A letter-for-letter copy of the listing is required, with no pictures in it.

Top of Given data

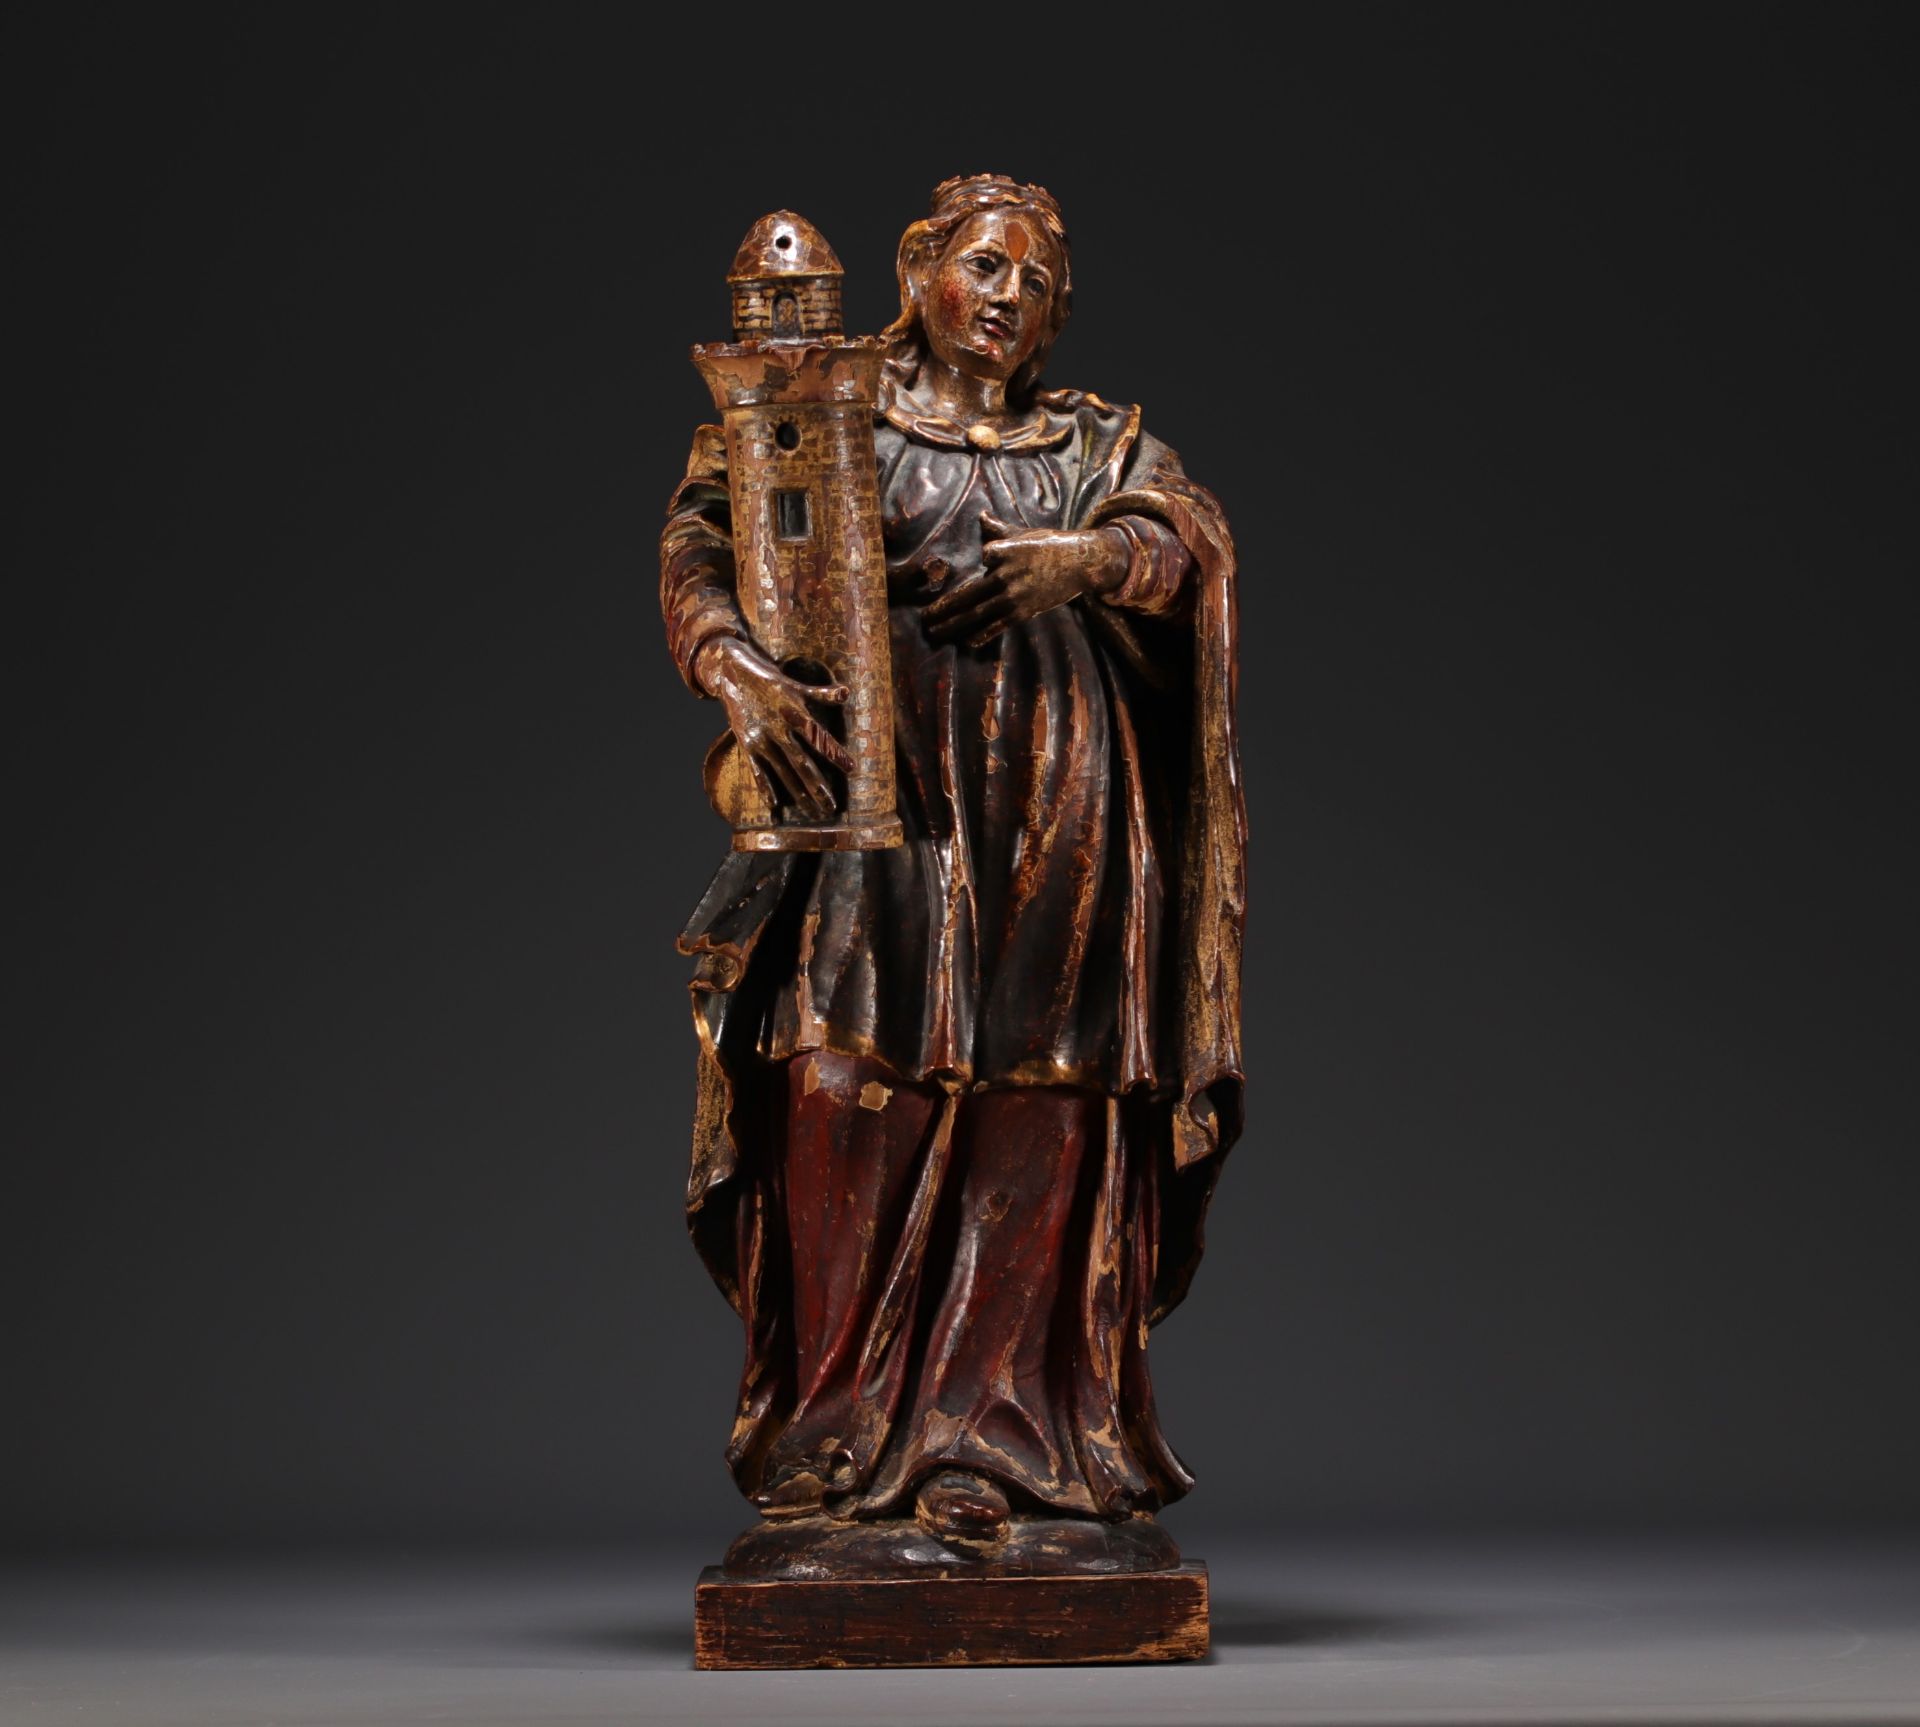 Statue de Sainte-Barbe - polychrome wooden sculpture from 18th century.
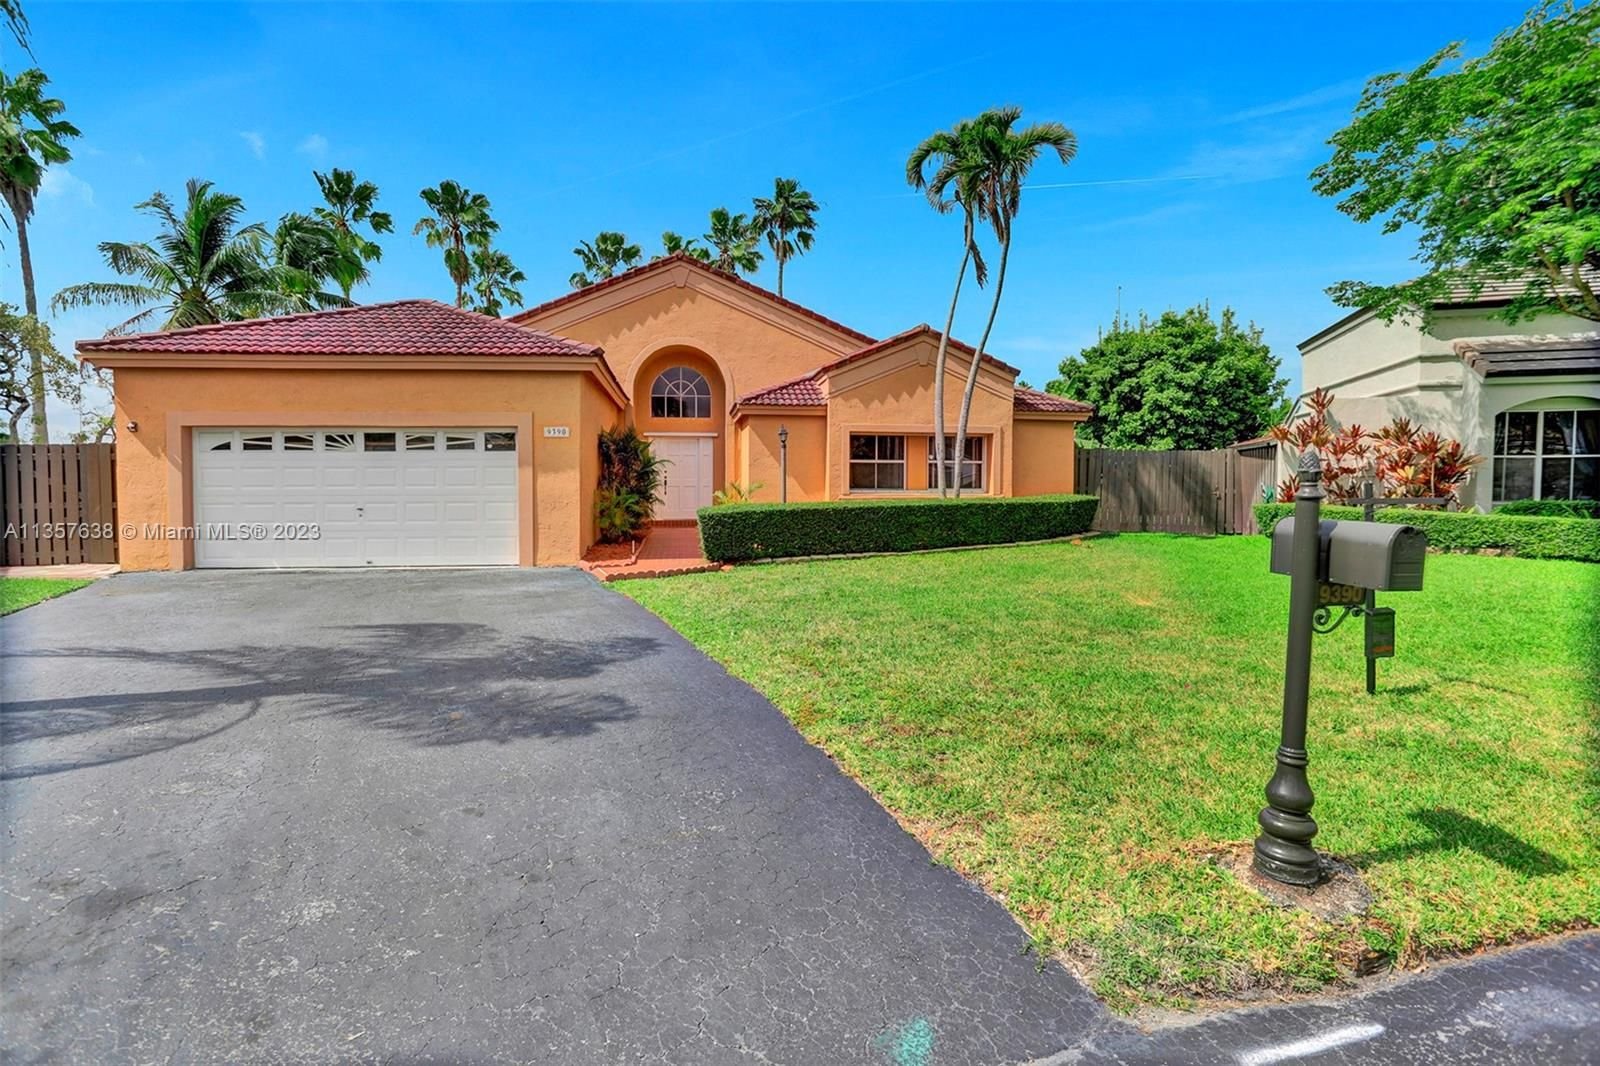 Real estate property located at 9390 118th Pl, Miami-Dade County, Miami, FL
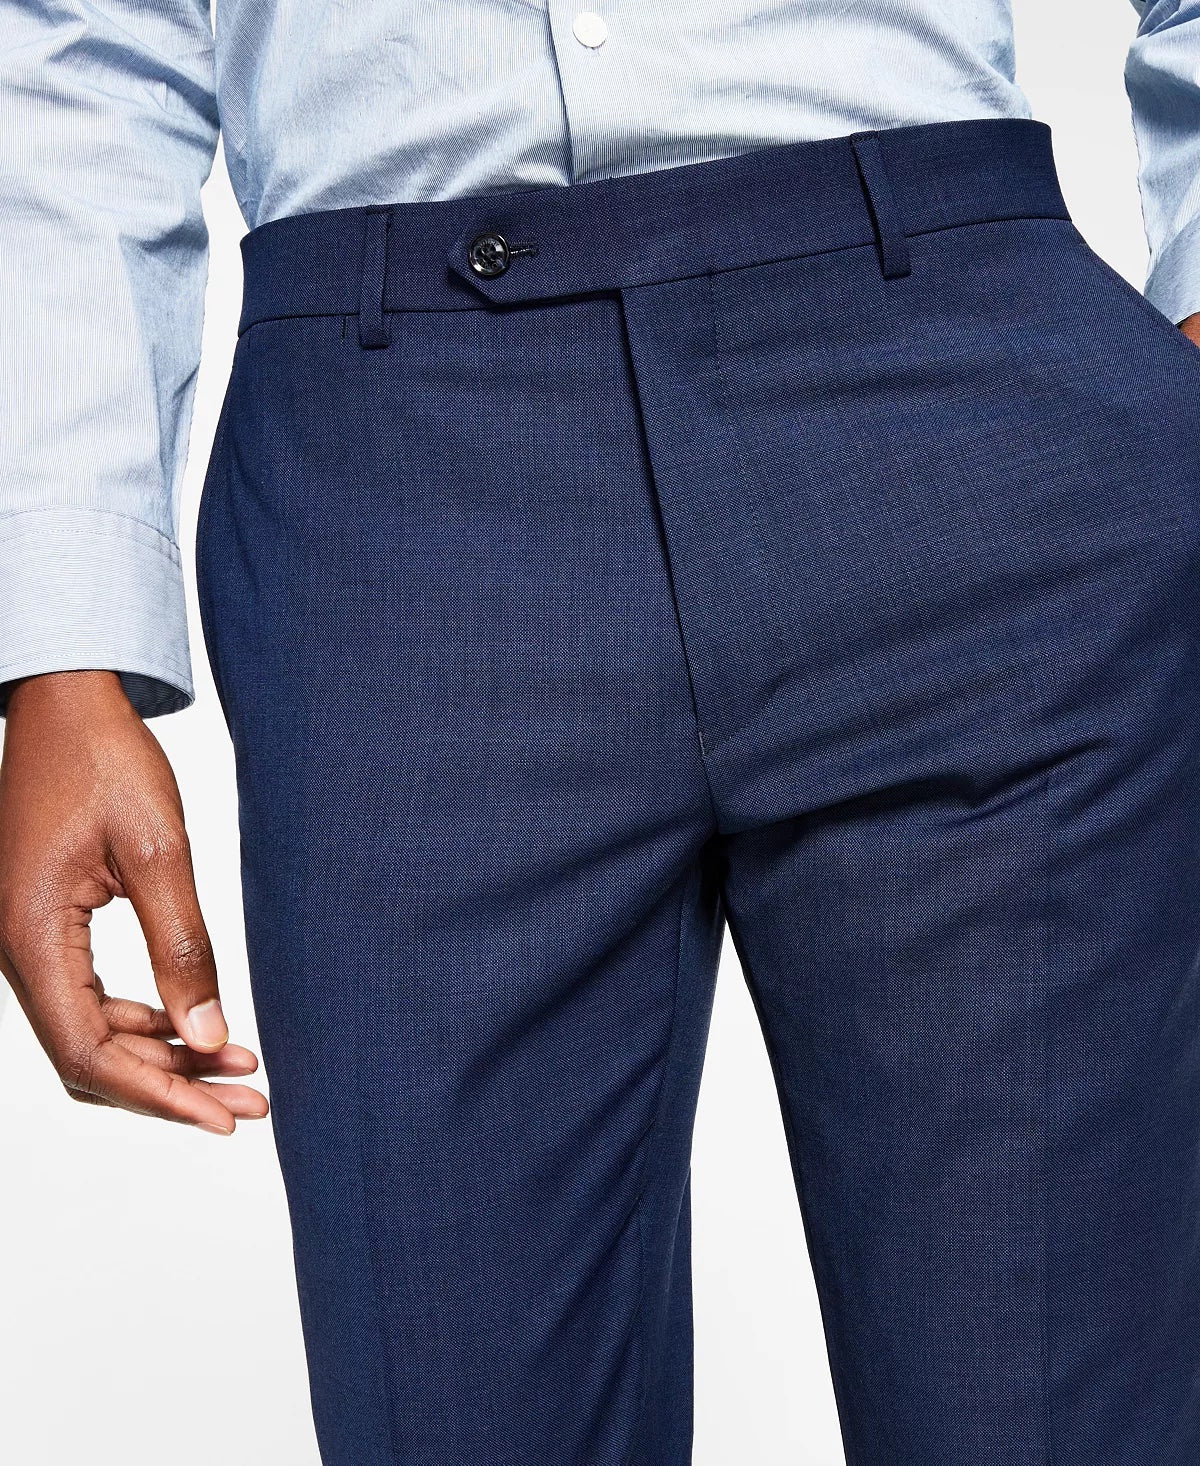 Tommy Hilfiger Mens Modern Fit TH Flex Suit Dress Pants Blue 42 x 30 Sharkskin

Bottom of Given data

Exercise result:
 Statue de Sainte-Barbe - polychrome wooden sculpture from 18th century.
 Real estate property located at 9390 118th Pl, Miami-Dade County, Miami, FL
 Tommy Hilfiger Mens Modern Fit TH Flex Suit Dress Pants Blue 42 x 30 Sharkskin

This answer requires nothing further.